Thank you, this piece was very much about the edit. Taking out a lot of extraneous stuff and making sure that people who hadn't worked in theater would understand what I was talking about.

I would like to get back into theater but I don't know if I'd do it as a career again, the schedule will always be difficult. The move and time since I last worked a show will make finding an 'in' more difficult, but not impossible. I'd love to do someone's New Work's festival - where you work on a project for a week and are done.

I would be afraid to try cigarettes, for fear of becoming a smoker. I already have nightmares where that's happened. :O

There is a lot of stress and responsibility in managing a show, and it sounds as if it finally became too much. At least, with that particular group or after so much time in.

Any chance you might think about taking it up again after you've been in Colorado awhile?

I watched my Dad quit cigarettes when I was in grade school, which is how I got through college without smoking. If that first one had been amazing I probably would have stopped right there, not wanting to go through the pain of actually quitting.

I would like to get involved in theater again, but as much as I miss stage managing I'm not sure I'd go back to it as a career. The schedule - all nights and weekends - just gets harder as you get older, and was a part of my growing dissatisfaction the first time.

Also, thank you for adding a link in the voting thread! It's really appreciated that you noticed murielle and I and took the time.

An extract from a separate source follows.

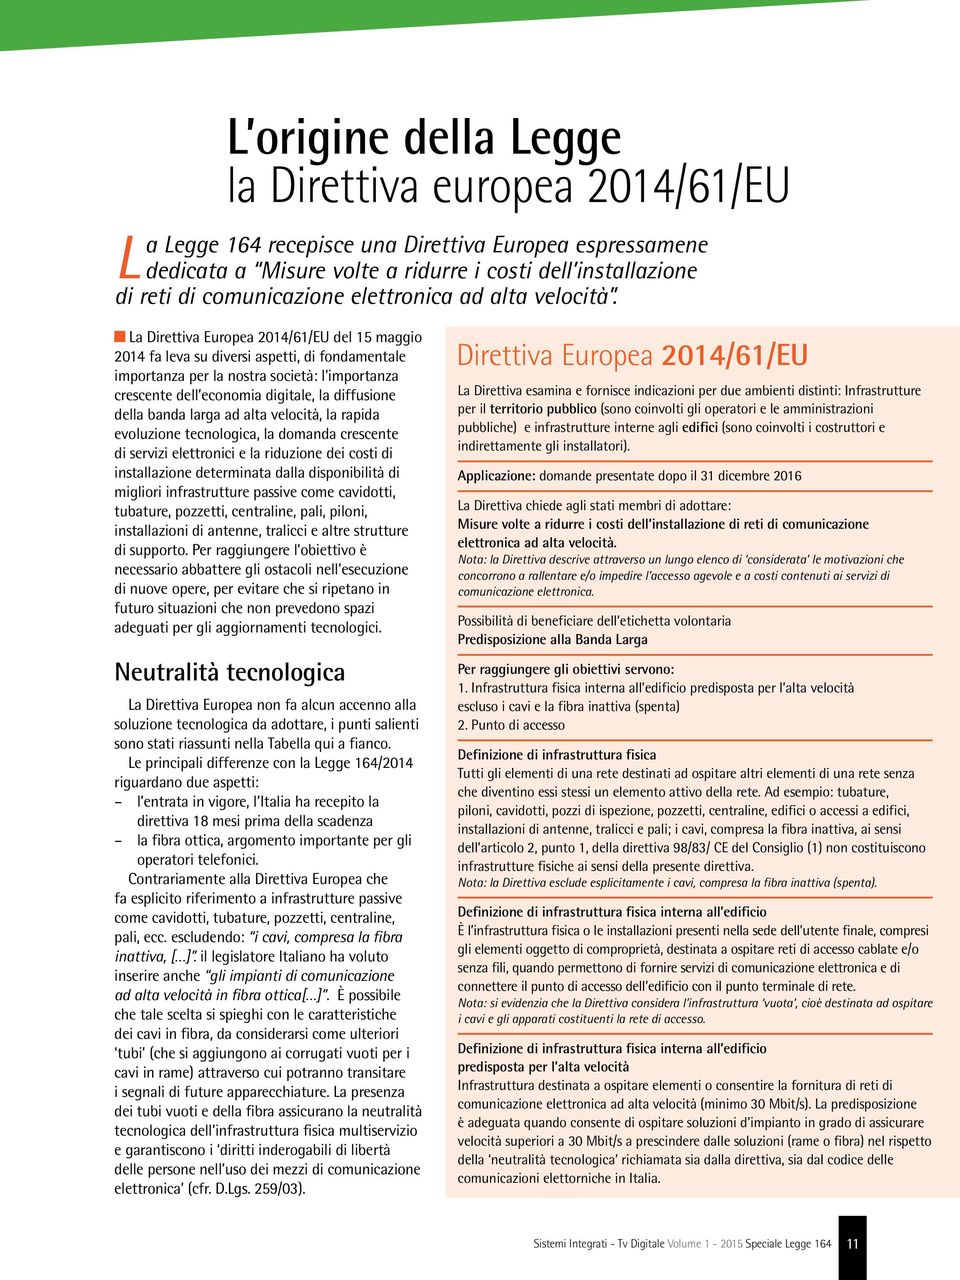 La Direttiva Europea 2014/61/EU del 15 maggio 2014 fa leva su diversi aspetti, di fondamentale importanza per la nostra società: l importanza crescente dell economia digitale, la diffusione della

Edited at 2017-07-26 10:16 pm (UTC)

Oh, you're welcome. I always kind of wish the Home Game entries would be linked on the poll post, say down below the poll but not in it, so more people would read them. But my request for that has not made any headway in changing the policy. ;)

Yipes! I guess everyone comes to the cigarette thing in their own way. I was allergic to cigarette smoke and so I never took a puff, but I wound up working at some night clubs as a DJ before they put a ban on smoking in places of that sort. I breathed in a pretty good share of fumes during those years.

All things in moderation, right? :) Maybe now you're ready to light it up again!

My Dad smoked until I was 8, and one of the big reasons I didn't start in college was remembering how hard it was for him to quit. But family members had always smoked so I was around it.

Heh! I don't hang out with nearly as many smokers since I stopped doing theater, so I don't have the ready access anymore. That would be a fun argument to make to a doctor, though.